Bank nationalisation objectives

  • Priority Sector Lending – the agriculture sector and its allied activities were the largest contributors to the national income.
  • Nationalisation aimed at mobilizing the savings of the people to the largest possible extent and to utilize them for productive purposes.
  • It also aimed at reducing inter and intra-regional imbalance to curb the urban-rural divide.
  • Bank nationalisation was directed to control private monopolies over financial sectors.
  • It was aimed at ensuring Socio-economic welfare, which is enshrined in the preamble of the Indian constitution.
  • One of the major aims of bank nationalisation was expansion of banking to rural pockets to ensure financial inclusion.
  • The step was directed shift banking from ‘class banking’ to ‘mass banking’ (social banking).
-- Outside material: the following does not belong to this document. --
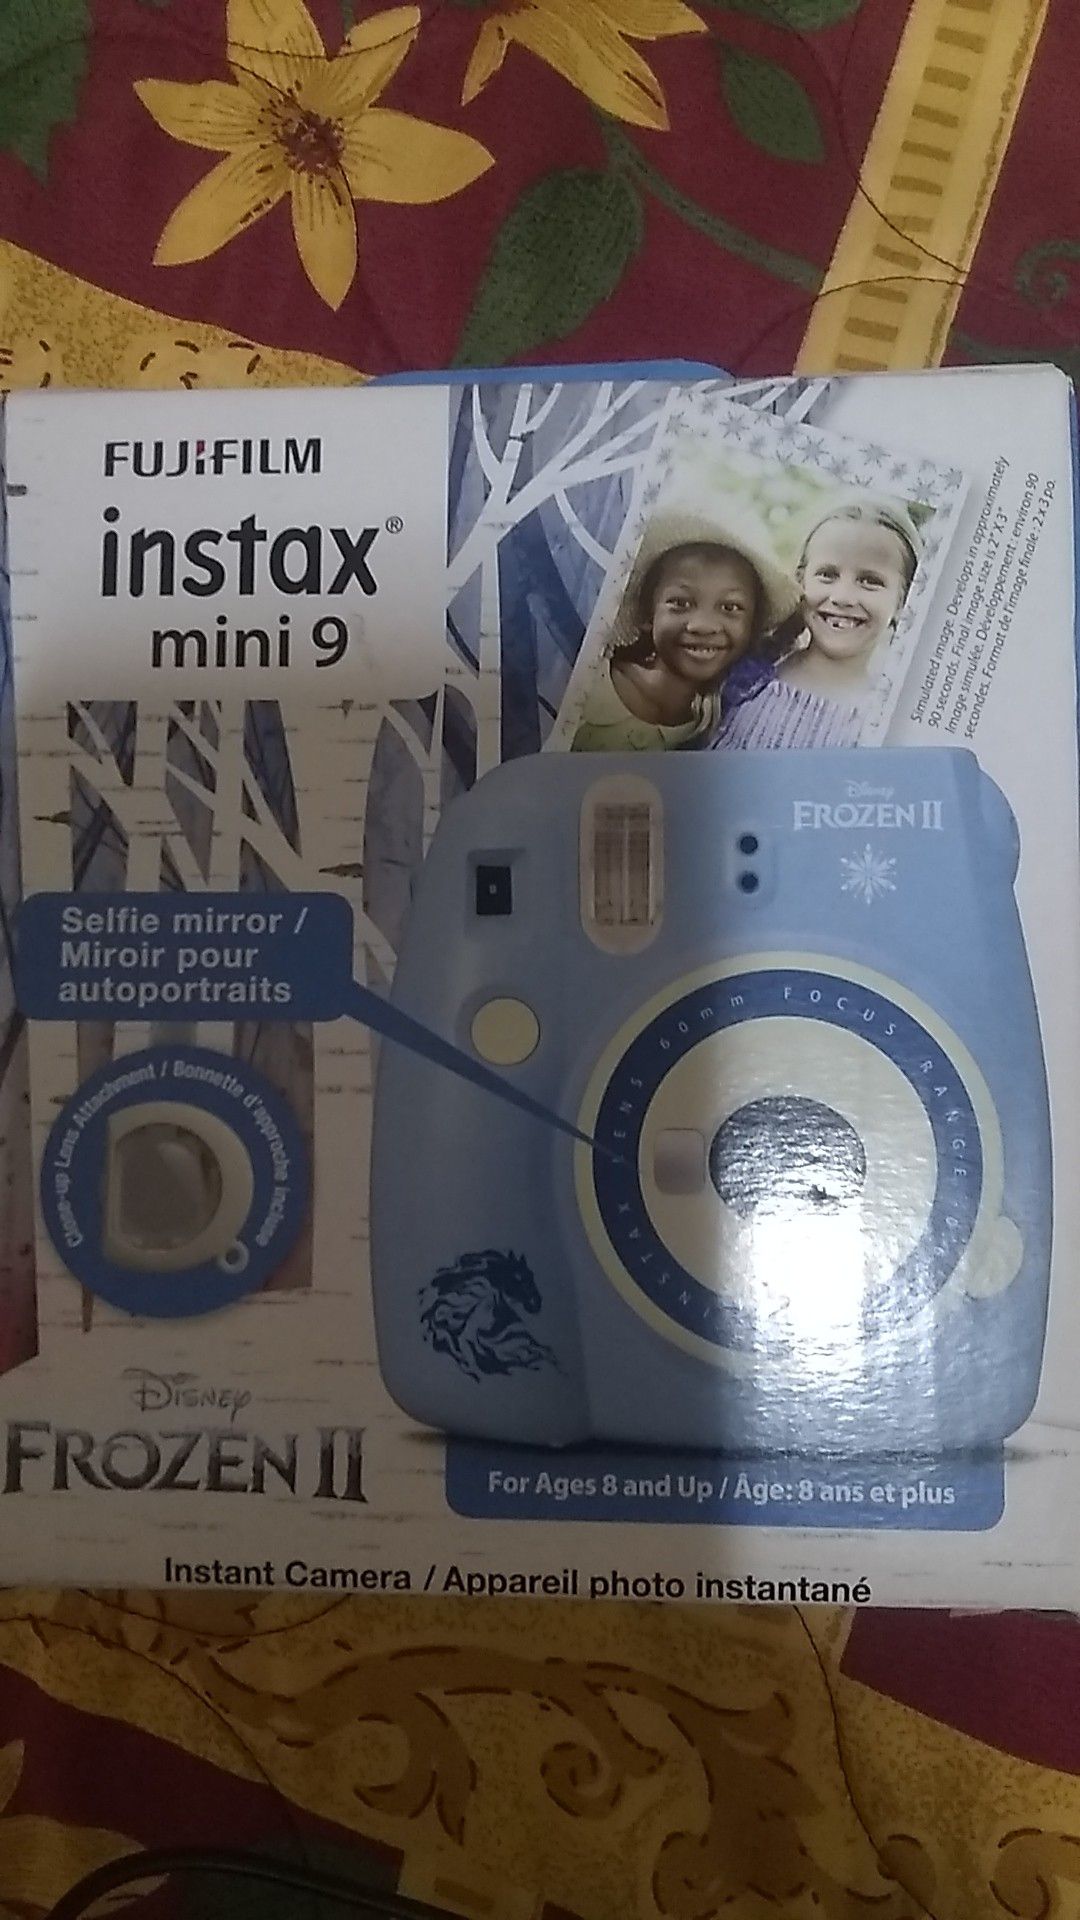 Fujifilm Instax mini 9 Frozen 2 edition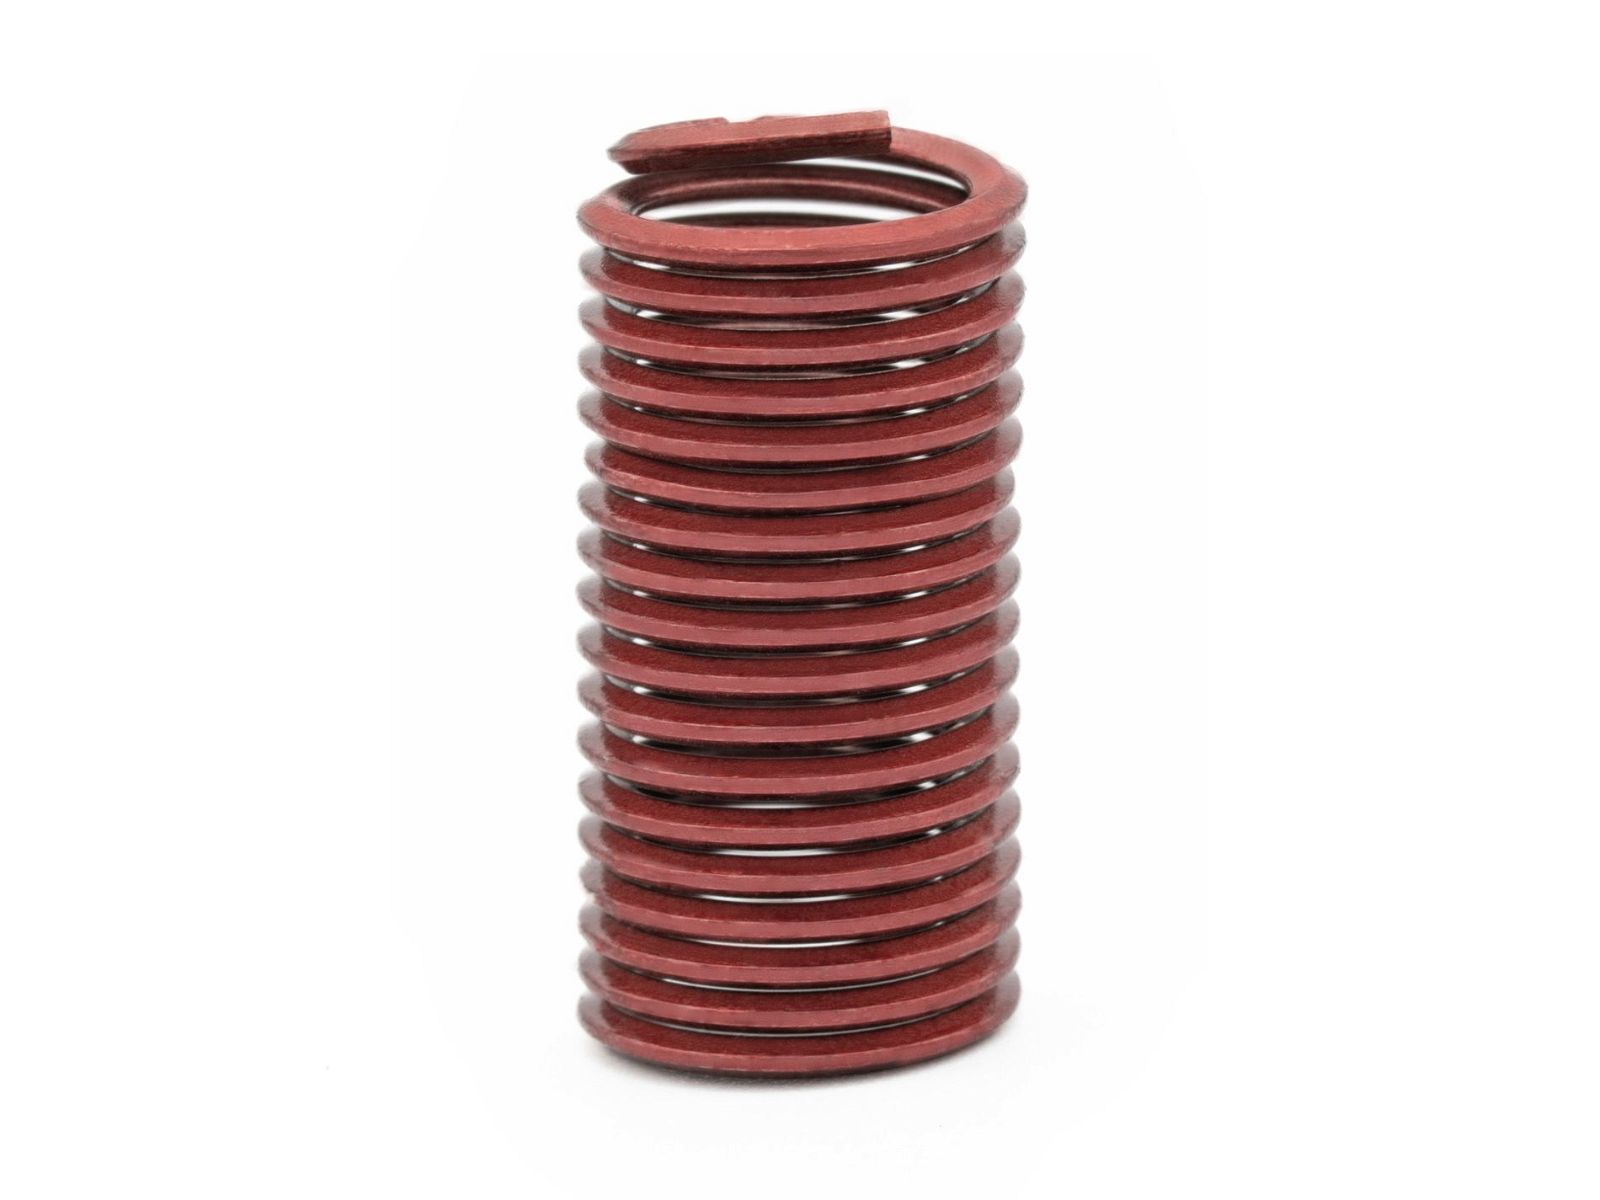 BaerCoil Wire Thread Inserts UNC 5/8 x 11 - 3.0 D (47.63 mm) - screw grip (screw locking) - 50 pcs.

Impacts of bank nationalisation

  • Nationalization of the Banks brought the public confidence in the banking system of India.
  • After the two major phases of nationalization in India, 80% of the banking sector came under government ownership.
  • After the nationalization of banks, the deposits of the public sector banks in India rose to approximately 800 per cent, and advances took a huge jump by 11,000 per cent.
  • Government ownership gave the public implicit faith and immense confidence in the sustainability of public sector banks.
  • Indian banking system reached even to the remote corners of the country, thus ensuring financial inclusion.
  • More equitable and prioritized disbursement of credit to different sectors of economy, particularly to agriculture sector.
  • Nationalization of banks led to a smooth and streamlined Indian growth process, particularly in the period of Green Revolution.


Criticism of bank nationalisation

  • Efficiency and profitability of banks declined drastically.
  • Issue of NPA (Non-Profit Assets) became a major roadblock in profitability of banking sector.
  • Nationalization of banks led to an interest rate structure that was incredibly complex – different rates of interest for different types of loans.
  • Nationalization drive led to lesser competition between the public sector and private sectors banks.
  • Bureaucratic attitude and procrastination in the functioning of the banking system.
  • Lack of responsibility and initiative, red–tapism, inordinate delays became common features of nationalized banks.
  • Due to unmanageable expansion of these banks, problems like heavy overdue loans started arising with the increase of economically unviable branches.
  • Political interference led to disbursement of loans to the sectors which were against the sound banking rules and this haphazard credit disbursement weakened the economic viability of these institutions.